Could a Hindu-trained musician be the father of acid house?


While researching the Indian electronic music scene for a book, DJ, producer and writer Samrat B, aka Audio Pervert, came across an album that set the genre back a decade.

B had dated the birth of electronic music in India to the early 1990s. Now he has found the timeline drawn to 1982, not only for India but for the world. It was the year when a little-known session musician from Bombay named Charanjit Singh released Synthesizing: Ten Ragas to a Disco Beat (HMV/EMI India).

Singh had taken a few days off – and a radical artistic detour – to make the album. Then he returned to background music by RD Burman, Laxmikant-Pyarelal and Naushad, and performed with a wedding band singing ghazal.

For nearly three decades, the record remained as unenthusiastic as its creator. But Singh survived to see this change, after Dutch record producer and Bollywood historian Edo Bouman (who also pitched the album to B), came across…Ten Ragas to a Disco Beat in an old record store in Mumbai in 2002.

Bouman bought the record, played it in his hotel room and was “blown away”, he told the Guardian in 2010, the year he re-released the album under his Bombay Connection label. The album “sounded like acid house”, and to Bouman’s astonishment, it was released five years before the first known acid house record, 1987’s Acid Tracks by Chicago-based Phuture.

Acid house, a subgenre of electronic dance music (EDM), achieved worldwide popularity (and notoriety for its associated culture of drug use and hedonistic raves) beginning in the late 1980s. His sound was defined by three elements: the extensive use of energetic rhythms generated by an electronic drum machine; an accessible and danceable beats per minute framework; and the use of instruments such as the Roland TB-303 bass synthesizer.

In …Ten Ragas to a Disco Beat, Singh showcased his brand new acquisitions: a Roland Jupiter-8 keyboard, a Roland TR-808 electronic drum machine and the Roland TB-303 bass synthesizer he bought in Singapore.

Built on a racy and repetitive synthesized drum beat, the album showcases its 10 Indian ragas on a platform of minimal and overbearing grooves to create a unique sound that is exploratory and futuristic in its design. This is the first known example of these three instruments, which would come to characterize the acid house sound, played and recorded together.

house rules

Singh was 70 when the remastered album was released (he died five years later, in 2015). The stories written about him at the time are marked by surprise. Many articles seem to regard it as an Eastern quirk or oddity in the account of the Western origins of acid house music. Mojo magazine calls the album “a startling piece of proto-house that predates the above records (from the Chicago producers) by several years”. Spin magazine refers to Singh as “an unwitting electronics pioneer”.

Nonetheless, the limited version of Bouman remains a sought-after collector’s item, retailing for approximately 3 lakh apiece at Discogs.com online marketplace.

Singh was, admittedly, innocent of the cult and culture of what would become acid house. In a 10-minute documentary short made in 2010 by Singh’s manager and agent, Rana Ghose, the bespectacled septuagenarian walks the interviewer (an awestruck Samrat B) through his collection of vinyl records. There is music by Kishore Kumar and Lata Mangeshkar, posters of overseas concerts he has performed at, announcing an evening of ‘Hindi film song, Gozal song and Bangoli’, but little information. on what might have triggered… Ten Ragas to a Disco Beat other than, as he put it, “the urge to try something different”.

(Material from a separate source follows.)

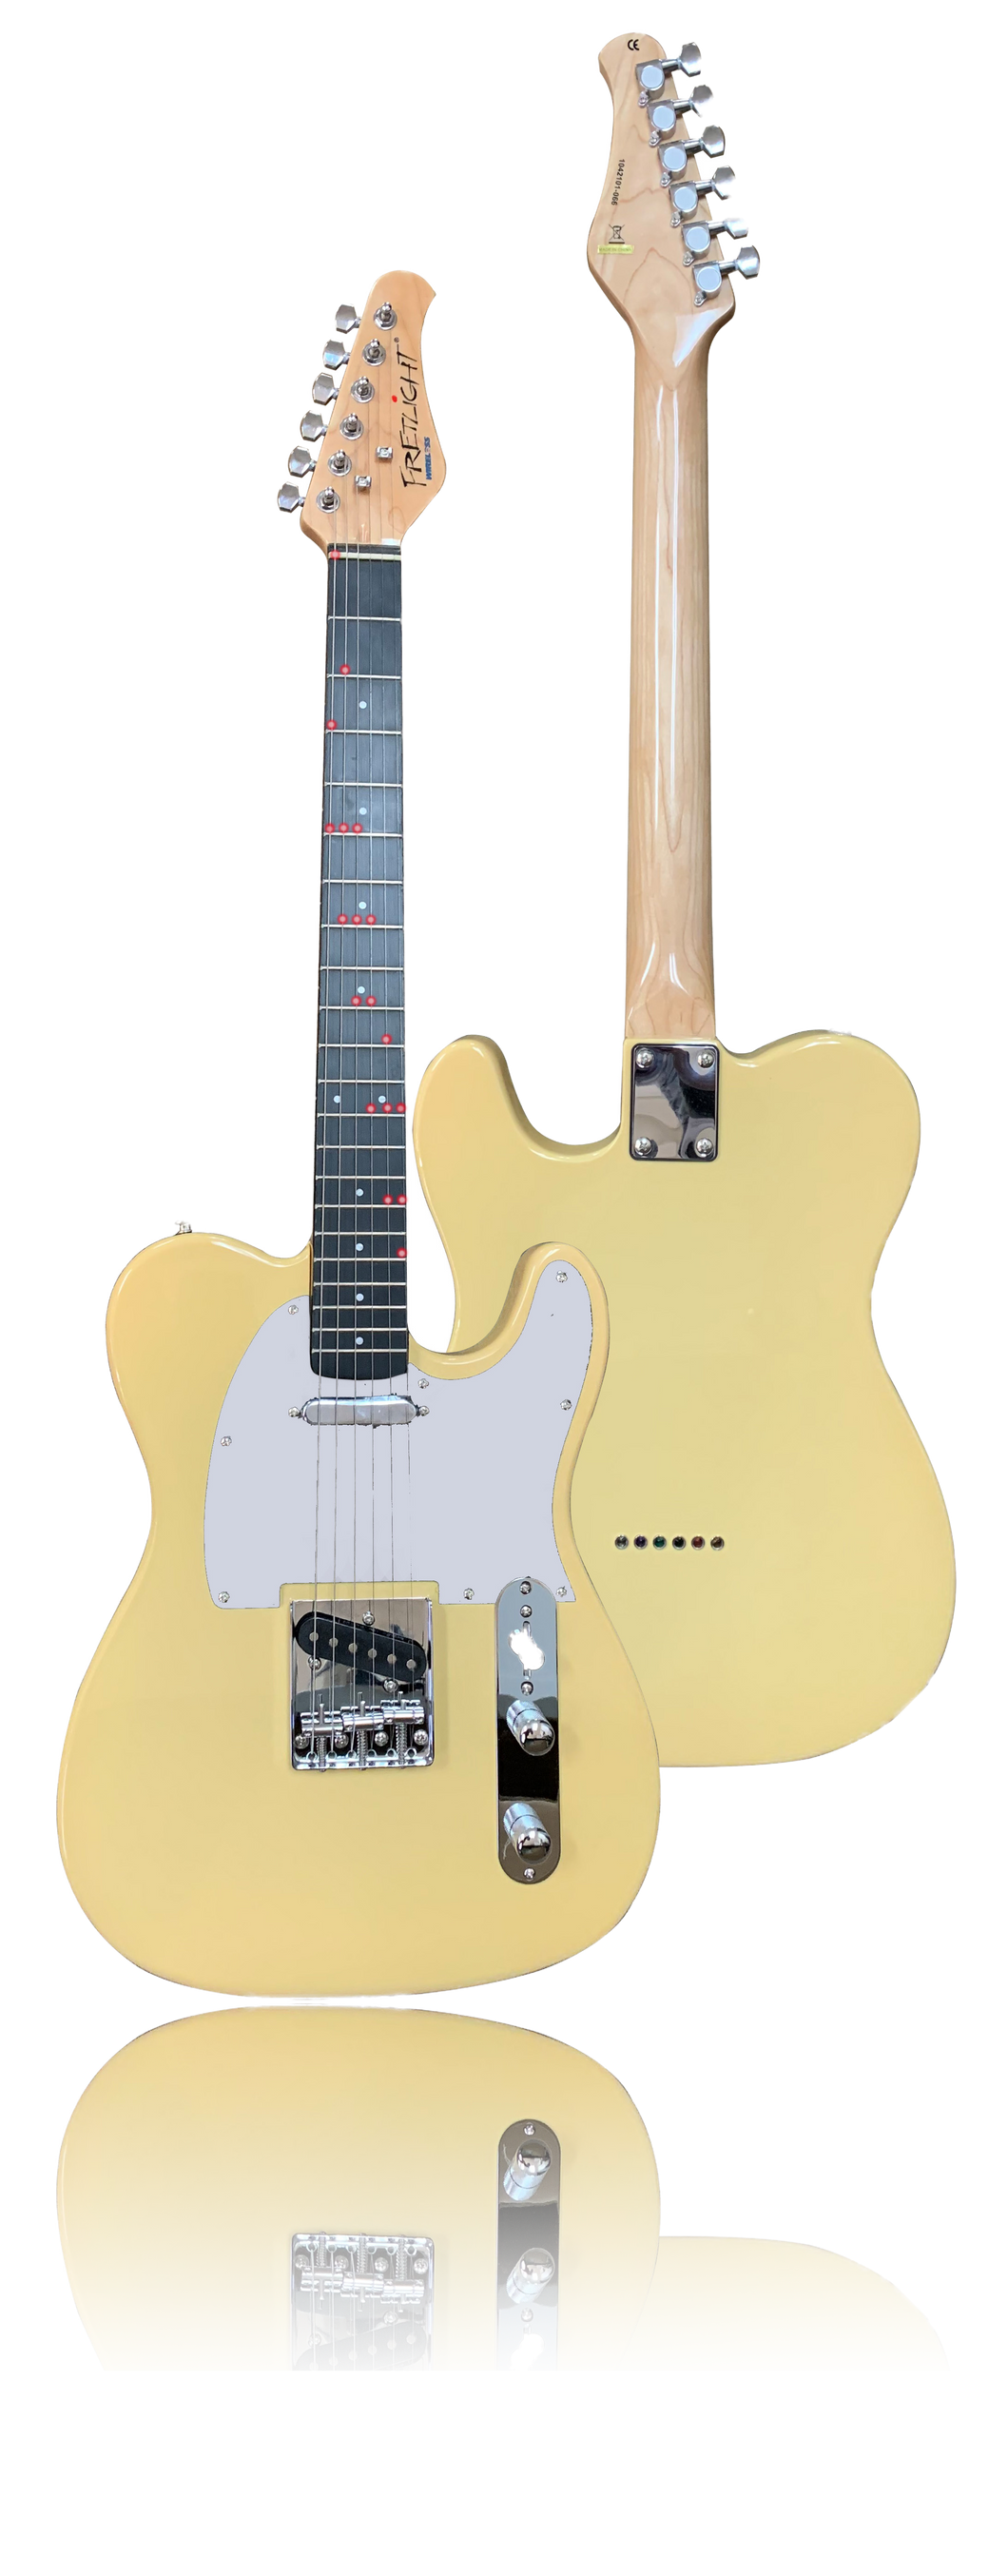 FG-623 Custom Vintage Yellow with White Pickguard

By 1982, disco had driven its white heeled boots decisively into Indian pop culture via actor Mithun Chakraborty and Bollywood’s megahit Disco Dancer scored by Bappi Lahiri. It came a year after the hit song Disco Deewane by Pakistani pop star Nazia Hassan and British-Indian producer Biddu. “For him, it was just disco. He hadn’t heard anything about electronic music,” B tells Wknd.

Over the course of many meetings between 2010 and 2015, Singh will tell B that he was inspired, among others, by Babla, a Gujarati artist who fascinated the diaspora in the Caribbean and North America with his disco-dandiya music. / chutney in the late 1970s and early 1980s.

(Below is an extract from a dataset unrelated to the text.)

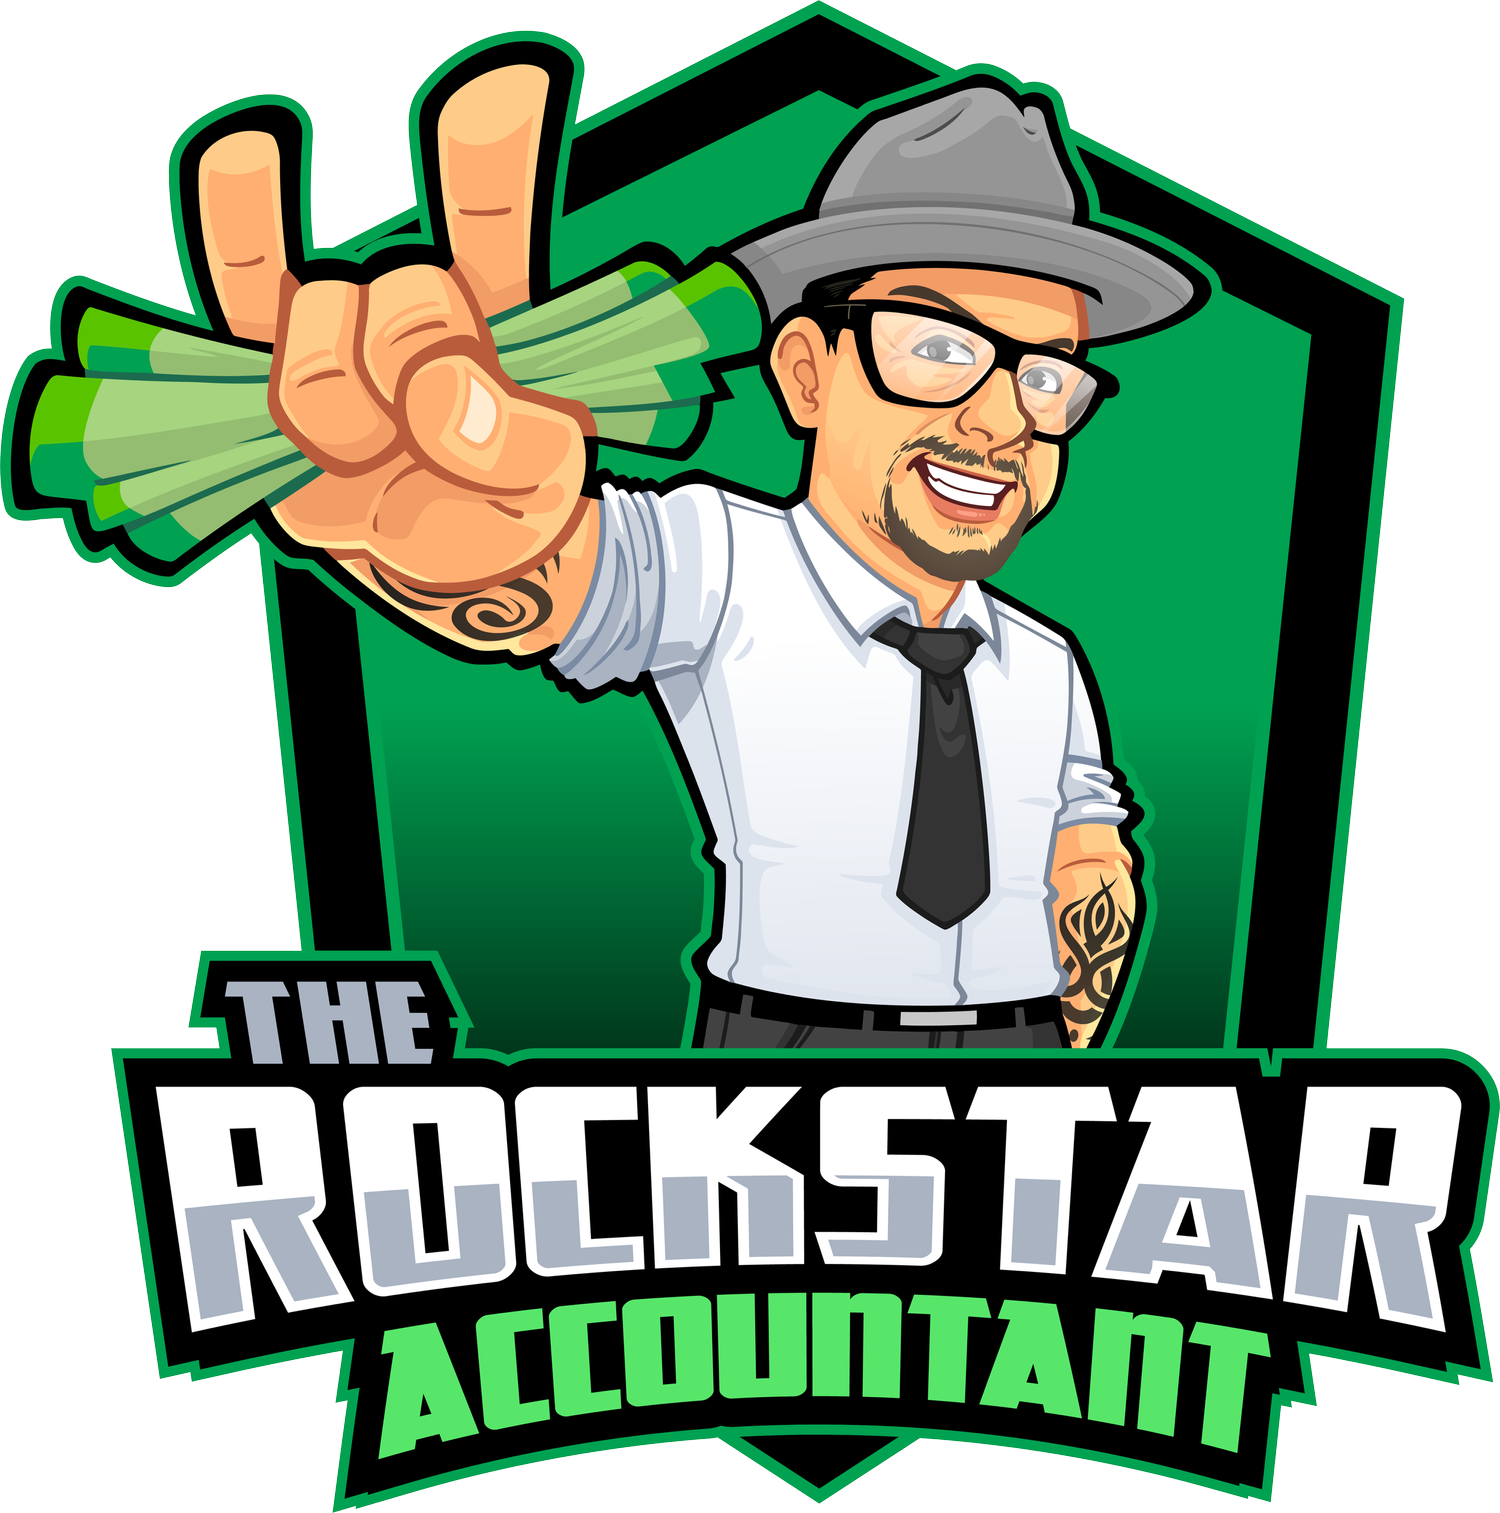 The Rockstar Accountant

After the album’s re-release in 2010, Ghose organized European and American club tours for Singh. Suddenly, instead of geriatric NRI seated audiences looking for an evening of ghazals, the Mumbai musician was faced with thousands of psychedelics in European nightclubs. “He stayed indifferent and stayed focused on his music,” says Ghose.

According to B, the period album was a “fluke”; other music historians have called it “an accident”, “a mistake”. Unquestionably, it was the first of its kind.